One of the last impediments to joint tax reporting for same-sex married couples was removed with the recent ruling by the U.S. Treasury Department and the Internal Revenue Service. The federal government now recognizes same-sex marriages for federal tax purposes, regardless of the taxpayers’ state of residence, so long as the marriage was valid where performed (U.S. States or foreign countries where same-sex marriage is legal).

 

The implications of this ruling are significant for both estate and tax planning. Legally married same-sex couples are now able to consider their tax and estate planning needs without concern for differentiated treatment under federal tax law.

This ruling is for tax purposes only. It does not address the definition of marriage by other federal agencies, such as Social Security, which looks to whether the couple’s marriage is recognized by their state of residence. It also does not address whether the IRS will implement any expedited procedures for filing amended tax returns for same-sex married couples. The IRS has indicated there will be additional guidance in the next month.

 

The following is the press release from the U.S. Department of the Treasury:

 

August 29, 2013

WASHINGTON – The U.S. Department of the Treasury and the Internal Revenue Service (IRS) today ruled that same-sex couples, legally married in jurisdictions that recognize their marriages, will be treated as married for federal tax purposes. The ruling applies regardless of whether the couple lives in a jurisdiction that recognizes same-sex marriage or a jurisdiction that does not recognize same-sex marriage.

 

The ruling implements federal tax aspects of the June 26th Supreme Court decision invalidating a key provision of the 1996 Defense of Marriage Act.

 

“Today’s ruling provides certainty and clear, coherent tax filing guidance for all legally married same-sex couples nationwide. It provides access to benefits, responsibilities and protections under federal tax law that all Americans deserve,” said Secretary Jacob J. Lew. “This ruling also assures legally married same-sex couples that they can move freely throughout the country knowing that their federal filing status will not change.”

 

Under the ruling, same sex couples will be treated as married for all federal tax purposes, including income and gift and estate taxes. The ruling applies to all federal tax provisions where marriage is a factor, including filing status, claiming personal and dependency exemptions, taking the standard deduction, employee benefits, contributing to an IRA, and claiming the earned income tax credit or child tax credit.

 

Any same-sex marriage legally entered into in one of the 50 states, the District of Columbia, a U.S. territory, or a foreign country will be covered by the ruling. However, the ruling does not apply to registered domestic partnerships, civil unions, or similar formal relationships recognized under state law.

 

Legally-married same-sex couples generally must file their 2013 federal income tax return using either the “married filing jointly” or “married filing separately” filing status.
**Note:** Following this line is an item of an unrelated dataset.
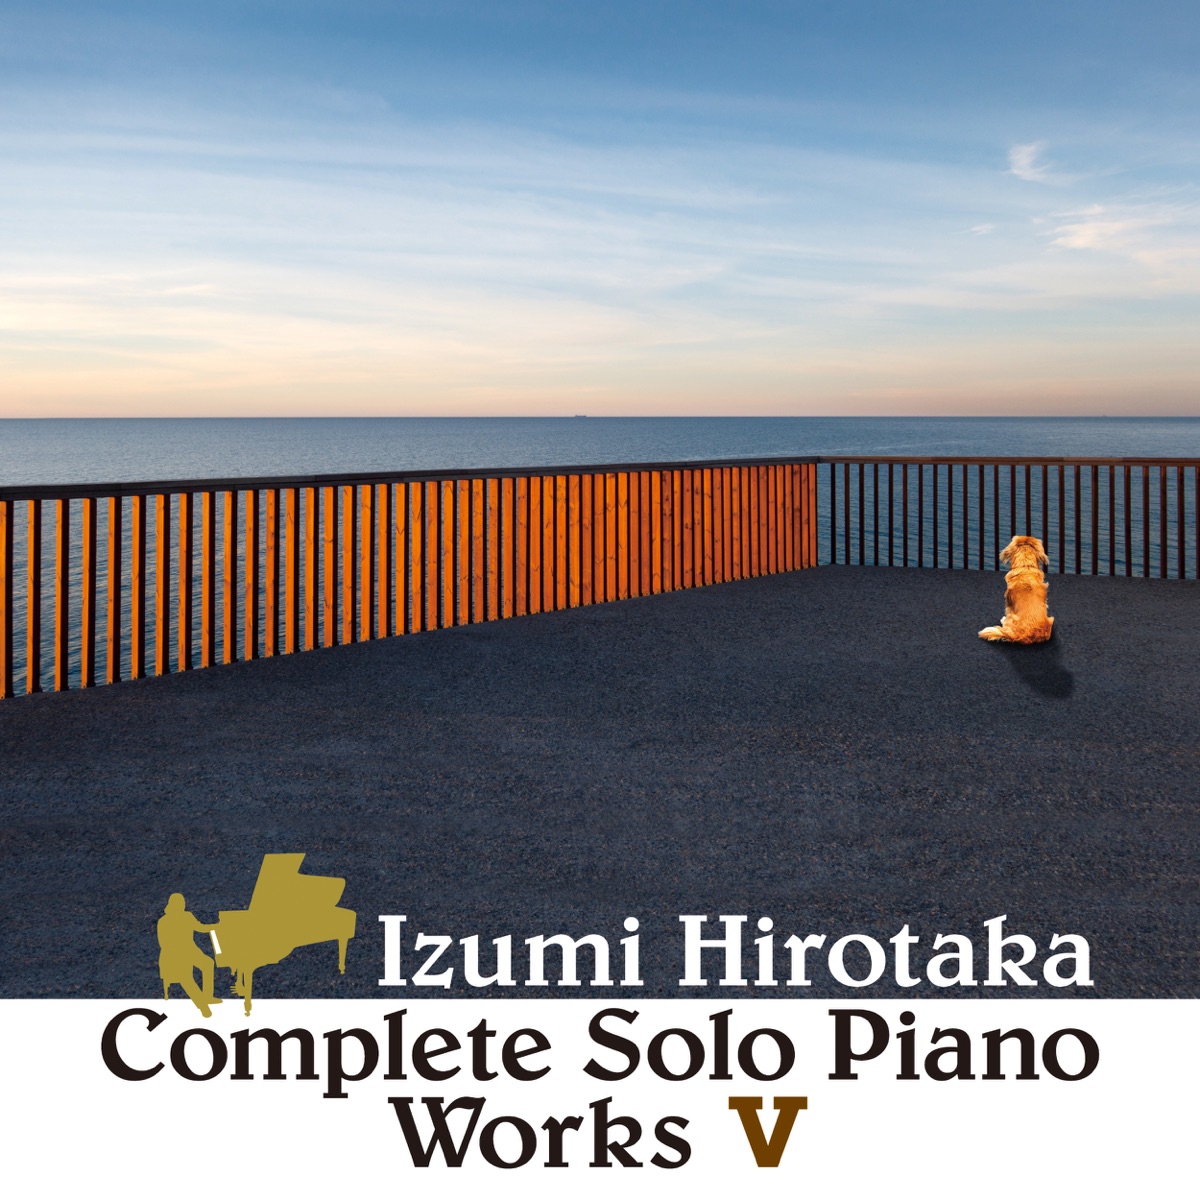 Complete Solo Piano Works Ⅴ - Album by Hirotaka Izumi - Apple Music

Individuals who were in same-sex marriages may, but are not required to, file original or amended returns choosing to be treated as married for federal tax purposes for one or more prior tax years still open under the statute of limitations.

 

Generally, the statute of limitations for filing a refund claim is three years from the date the return was filed or two years from the date the tax was paid, whichever is later. As a result, refund claims can still be filed for tax years 2010, 2011, and 2012. Some taxpayers may have special circumstances (such as signing an agreement with the IRS to keep the statute of limitations open) that permit them to file refund claims for tax years 2009 and earlier.

 

Additionally, employees who purchased same-sex spouse health insurance coverage from their employers on an after-tax basis may treat the amounts paid for that coverage as pre-tax and excludable from income.